Background/Context: Prior work on Hannah Arendt and education has focused on democratic education, multicultural education, and conservatism in education. Most of these studies have concentrated on her essay, “The Crisis in Education.” While this study extends that work, it does so by taking up the lesser studied but equally relevant piece, “Reflections on Little Rock.” Furthermore, sparse attention has been paid to Arendt’s work on thinking in relation to work on education. This piece seeks to fill these gaps in the scholarship on Arendt and education.

Purpose/Objective/Research Question/Focus of Study: Following Arendt, my inquiry is concerned with what we might call “the life of the student mind.” Two central questions guide this inquiry: What are students qua students doing that prepares them in advance for renewing a common world? How, as students, are they engaged with the world without being asked to take responsibility for it?

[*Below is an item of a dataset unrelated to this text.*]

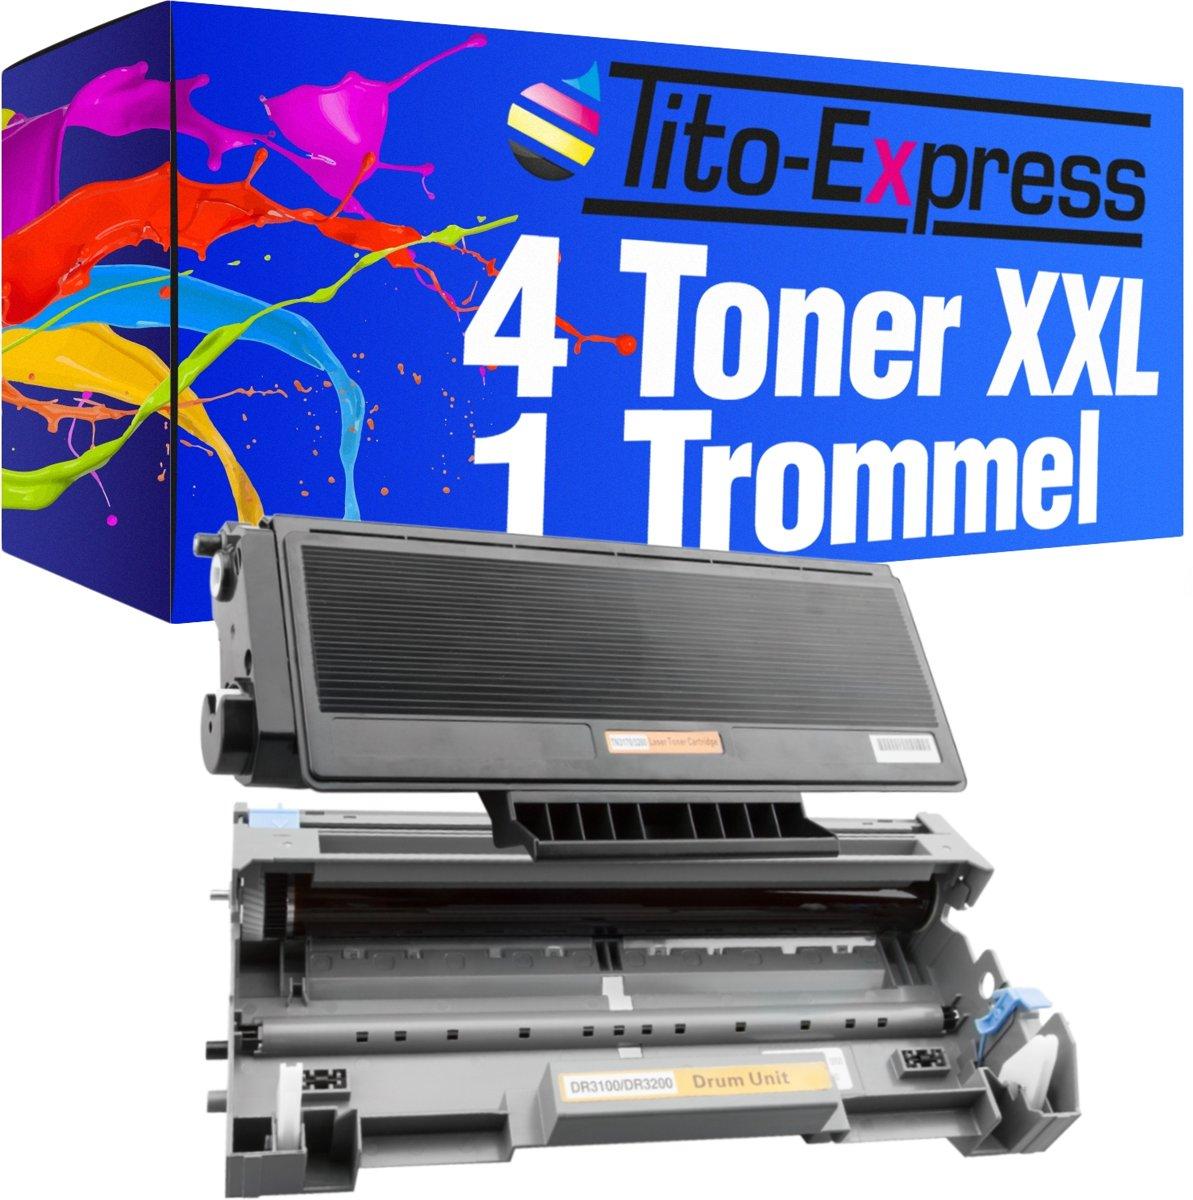 Tito-Express PlatinumSerie PlatinumSerie® 4 x toner & drum XXL zwart compatibel brother TN 3170 & DR3100 DCP-8060 / DCP-8065DN / HL-5200 / HL-5240 / HL-5240DN / HL-5240DNLT / HL-5240L / HL-5250DN / HL-5250DNHY / HL-5250DNLT / HL-5270DN / HL-5270DNLT kopen

Research Design: This study is a comparative exegesis of Arendt, reading her early essays, “Reflections on Little Rock” and “The Crisis in Education,” through the lens of Thinking, the first volume of her final and posthumously published work, The Life of the Mind. The study is heavily supported by research conducted in the Arendt digital archives.

Conclusions/Recommendations: This exegesis reveals new insights into Arendt’s mapping of the educational sphere and the principal activity taking place therein, namely, educational thinking. The close comparative reading of Arendt’s early and later work produces a philosophical construction of the educational sphere as a liminal zone between past and future, a gap between the private sphere of the home, and the political sphere of the public realm. In turn, the primary result of this study is the articulation of a distinctly Arendtian conception of educational thinking as occurring in an existential space of solitude where students, withdrawn from the continuity of everyday life, engage in an activity that enables them to reflect upon and critically reimagine the world and thereby prepare for world-caring.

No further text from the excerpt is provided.